See GitHub issues for usage context and design.
Gemini Component
Wraps Google Gemini API for AI agent capabilities with multi-modal input support (text, images, code), structured output, and Smithers task lifecycle integration. Provides alternative to Claude and Codex with Google’s latest models.
Planned API
interface GeminiProps<TSchema extends z.ZodType = z.ZodType> {
/**
* Prompt/task for the agent.
*/
children: ReactNode
/**
* Model selection.
* @default 'gemini-2.5-pro'
*/
model?: 'gemini-2.5-pro' | 'gemini-2.5-flash' | 'gemini-1.5-pro'
/**
* Temperature for randomness (0-2).
* @default 1
*/
temperature?: number
/**
* System prompt for agent behavior.
*/
systemPrompt?: string
/**
* Working directory for code operations.
*/
cwd?: string
/**
* Environment variables.
*/
env?: Record<string, string>
/**
* Timeout in milliseconds.
* @default 300000 (5 minutes)
*/
timeout?: number
/**
* Zod schema for structured output.
*/
schema?: TSchema
/**
* Multi-modal inputs (images, files).
*/
media?: Array<{
type: 'image' | 'file'
path: string
}>
/**
* Callback on successful completion.
*/
onFinished?: (result: AgentResult<TSchema>) => void
/**
* Callback on error.
*/
onError?: (error: Error) => void
}
interface AgentResult<TSchema extends z.ZodType = z.ZodType> {
output: string
parsedOutput?: z.infer<TSchema>
durationMs: number
}
export function Gemini<TSchema extends z.ZodType = z.ZodType>(
props: GeminiProps<TSchema>
): JSX.Element
Proposed Usage
Basic Text Generation
import { Gemini, Phase, Step } from 'smithers-orchestrator'
export function AnalyzeCode() {
return (
<Phase name="Analysis">
<Step name="analyze">
<Gemini model="gemini-2.5-pro">
Analyze this codebase and identify architectural issues.

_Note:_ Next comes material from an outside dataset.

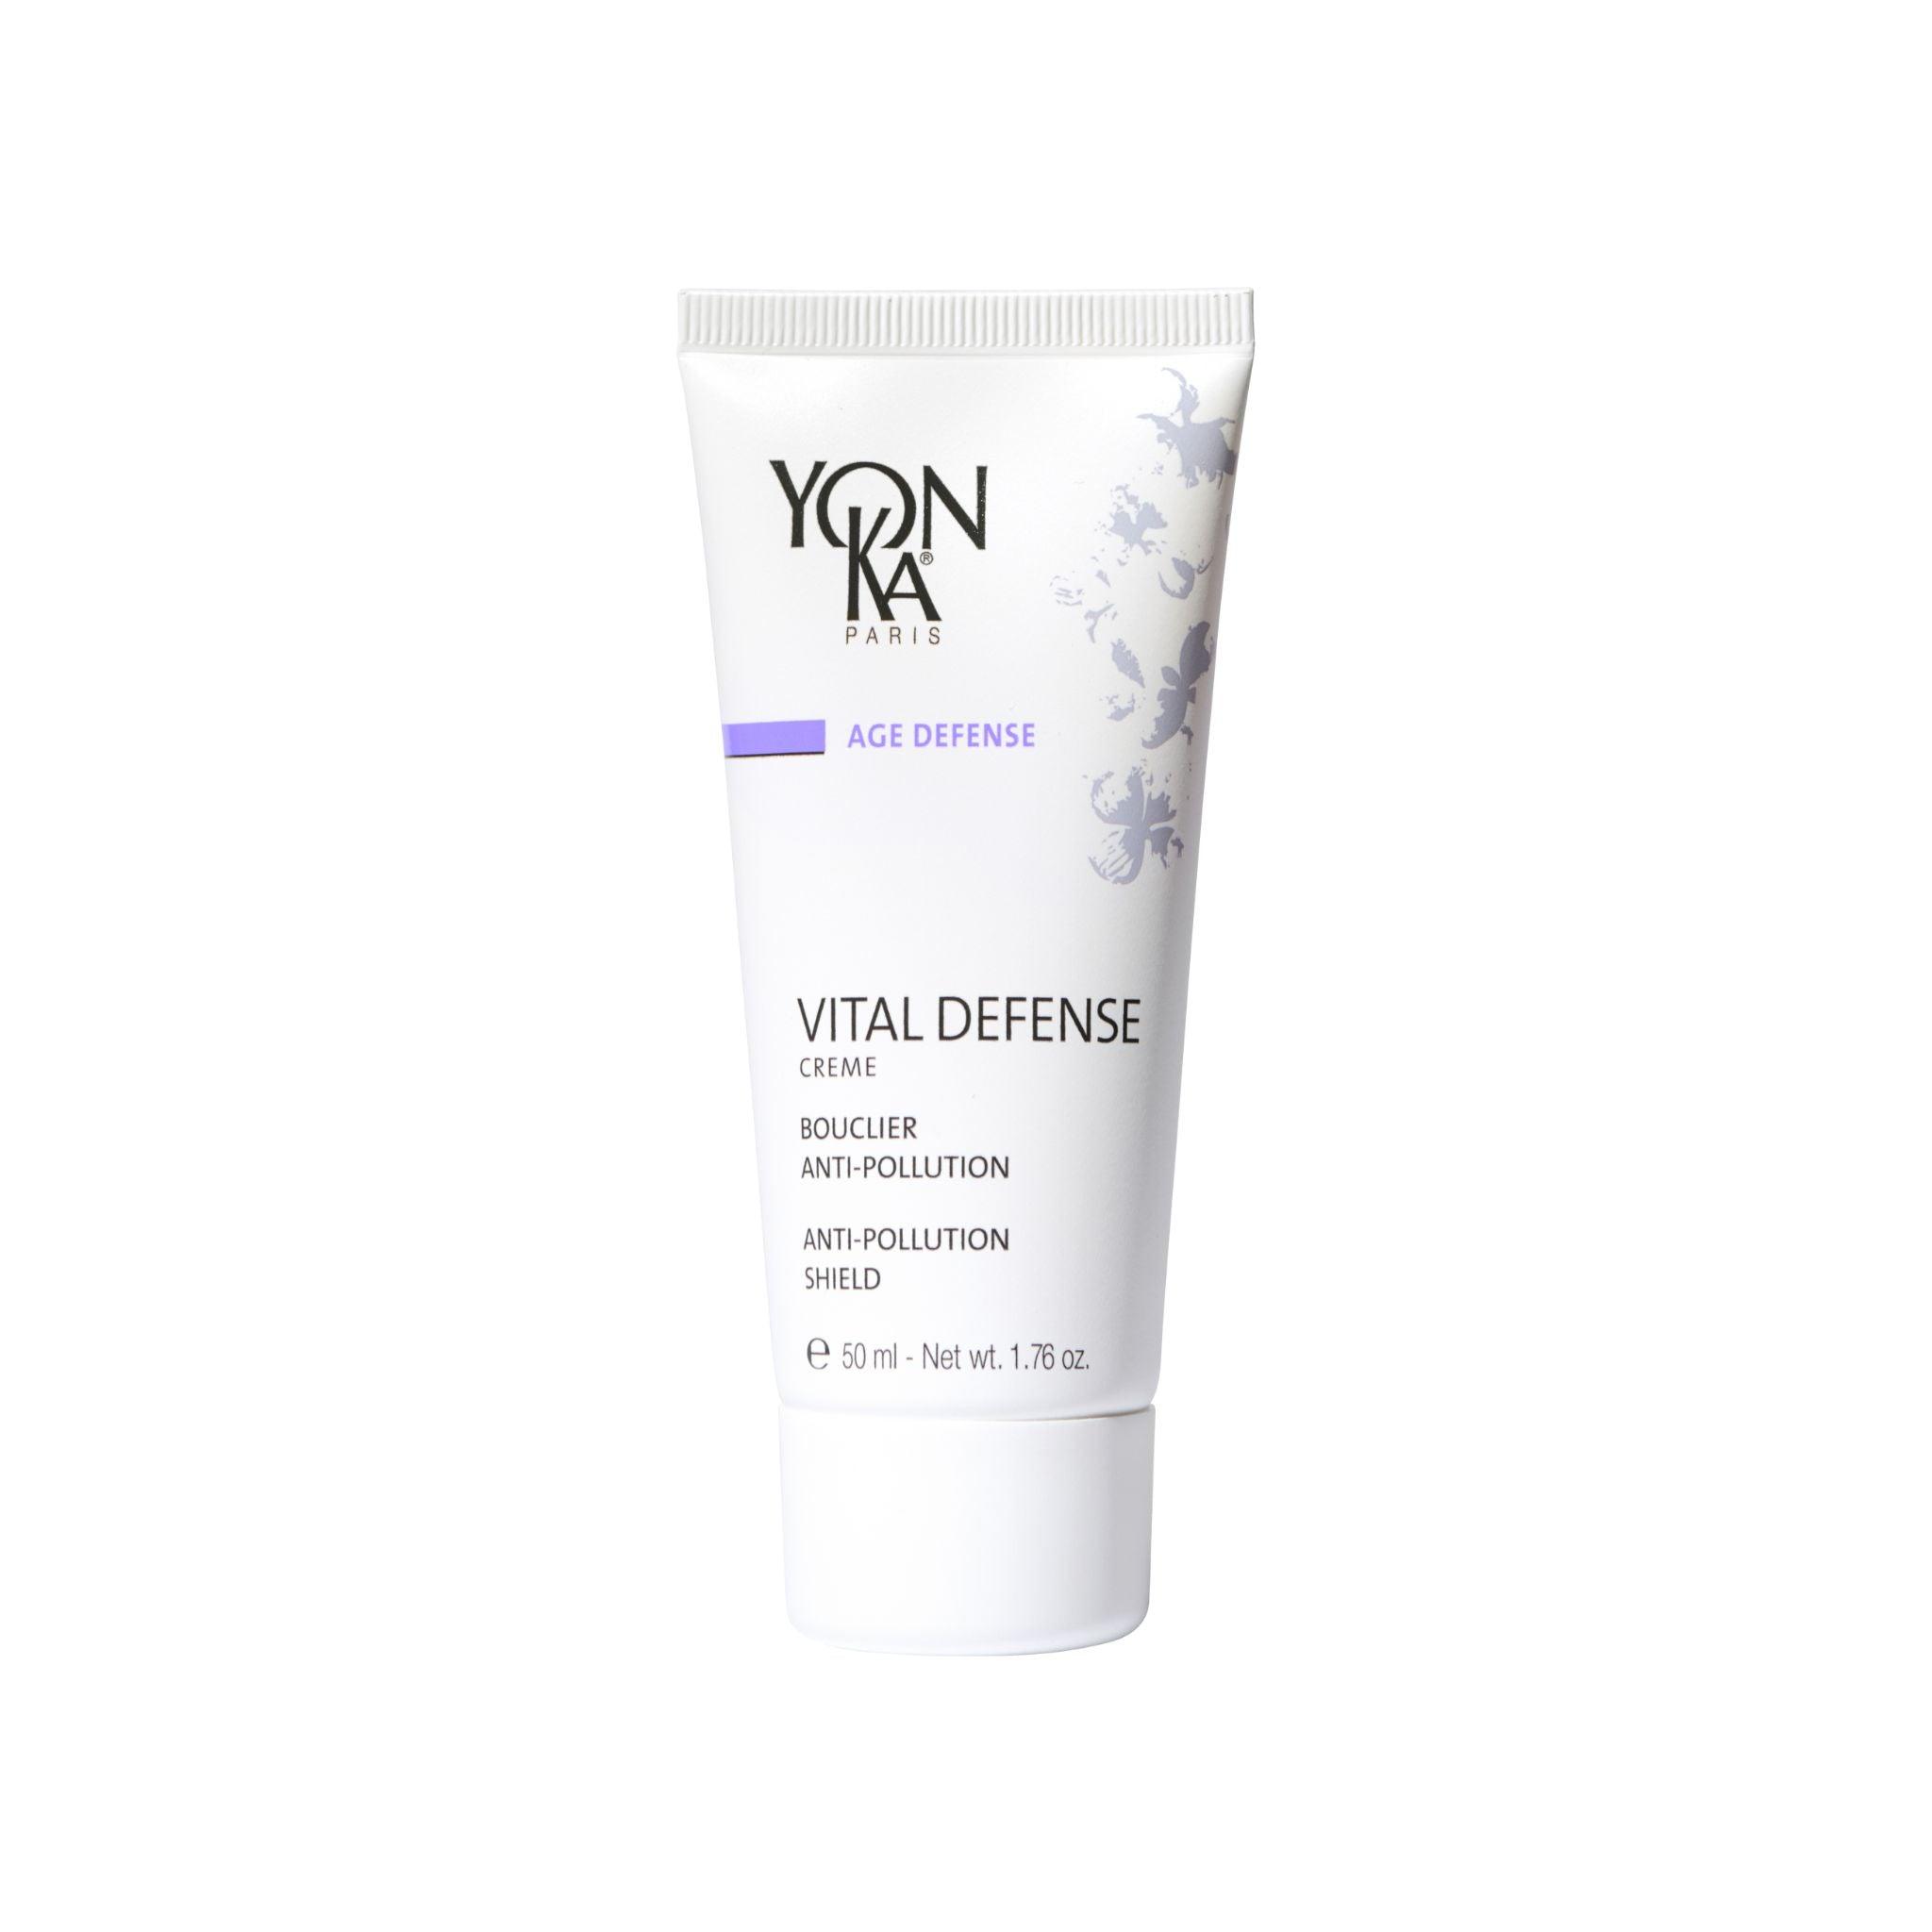 YonKa Vital Defense Creme - The Beauty House Shop

Focus on scalability and maintainability concerns.
</Gemini>
</Step>
</Phase>
)
}
With Structured Output
import { z } from 'zod'
const architectureSchema = z.object({
issues: z.array(z.object({
category: z.enum(['scalability', 'maintainability', 'performance', 'security']),
severity: z.enum(['critical', 'major', 'minor']),
description: z.string(),
recommendation: z.string()
})),
summary: z.string(),
overallScore: z.number().min(0).max(10)
})
<Gemini
model="gemini-2.5-pro"
schema={architectureSchema}
onFinished={(result) => {
const analysis = result.parsedOutput
console.log(`Architecture score: ${analysis.overallScore}/10`)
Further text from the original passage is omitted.